TASK DIRECTIONS: Locate "Change email address - Twitch" in the listing. Transcribe the line that contains it and every line that follows, through the last, omitting all pictures.

INFORMATION PROVIDED:
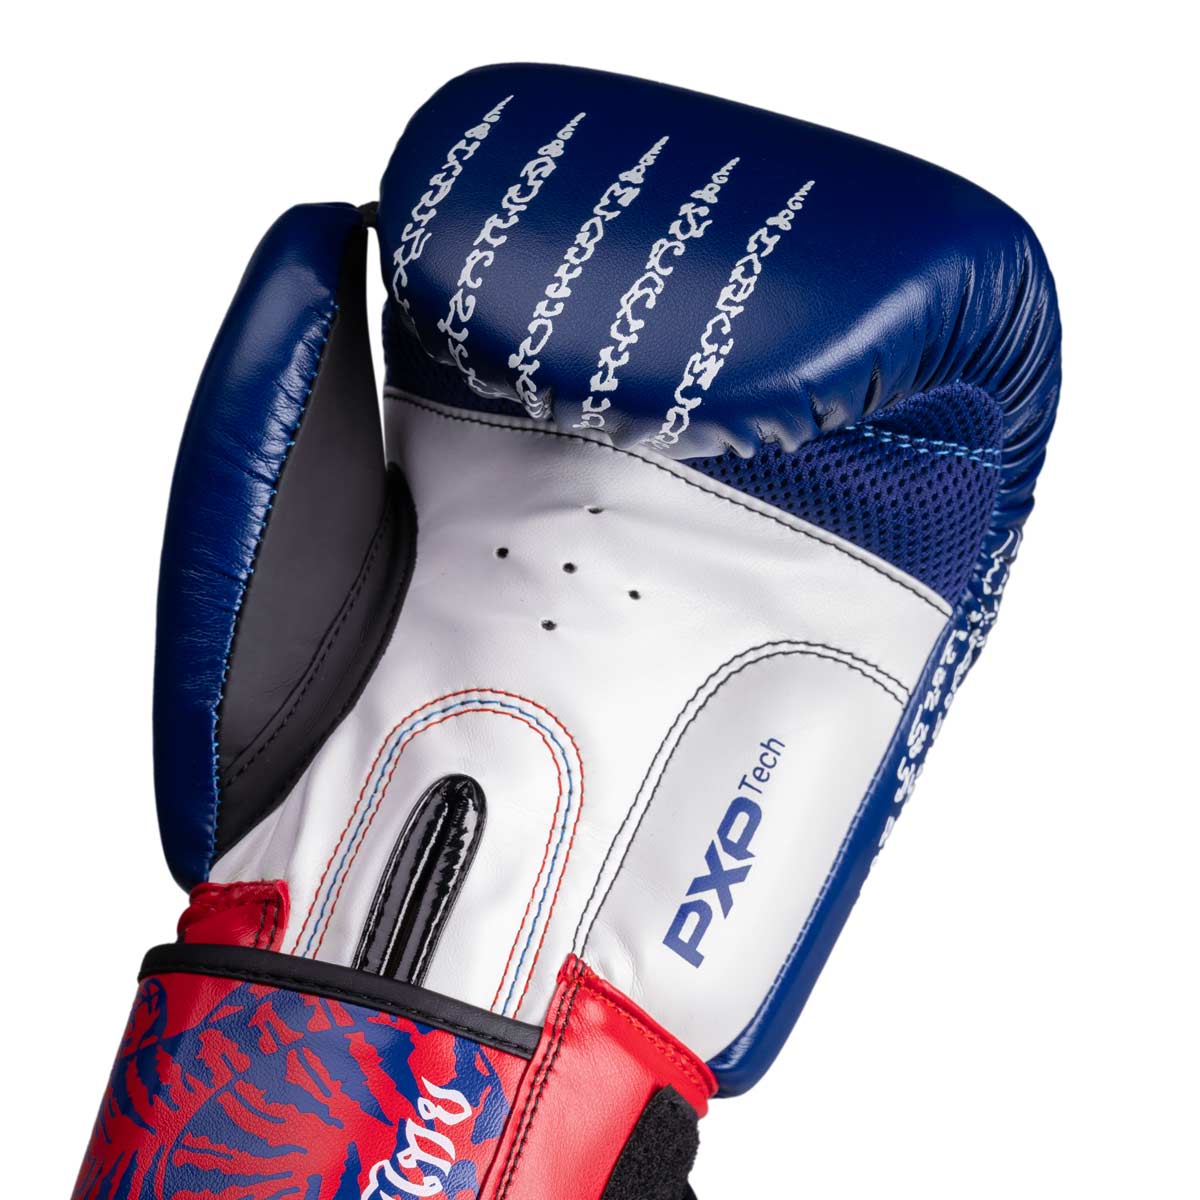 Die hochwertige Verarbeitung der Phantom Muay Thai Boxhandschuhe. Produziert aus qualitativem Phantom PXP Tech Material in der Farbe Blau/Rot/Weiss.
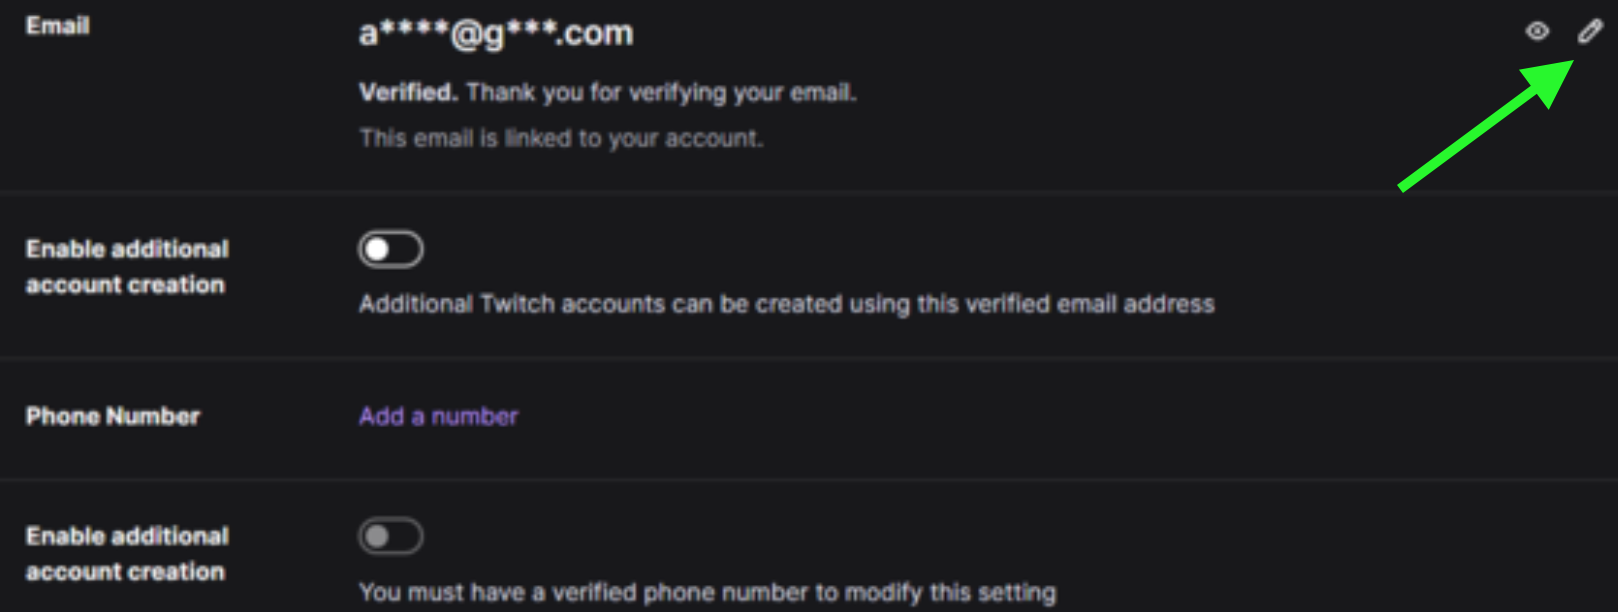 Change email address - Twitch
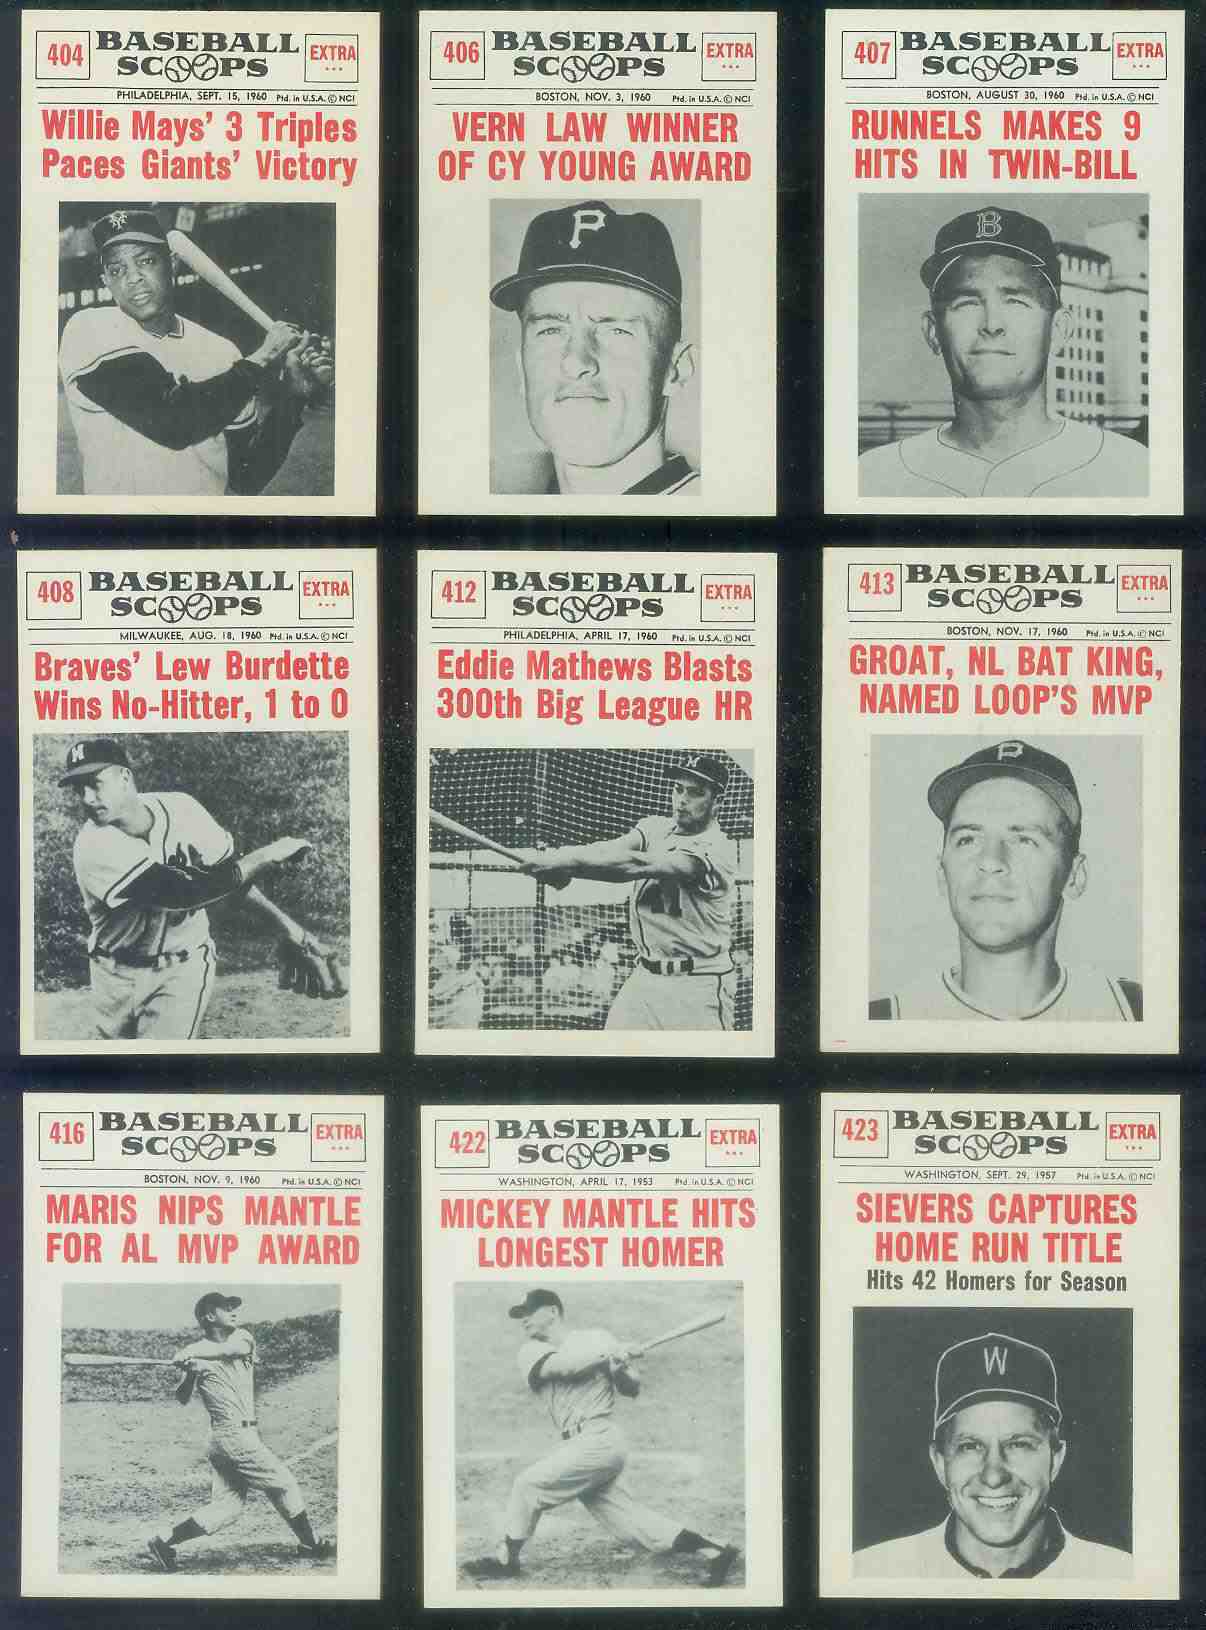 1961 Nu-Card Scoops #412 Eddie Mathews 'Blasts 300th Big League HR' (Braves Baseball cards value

ANSWER FOR THE TASK:
 Change email address - Twitch
 1961 Nu-Card Scoops #412 Eddie Mathews 'Blasts 300th Big League HR' (Braves Baseball cards value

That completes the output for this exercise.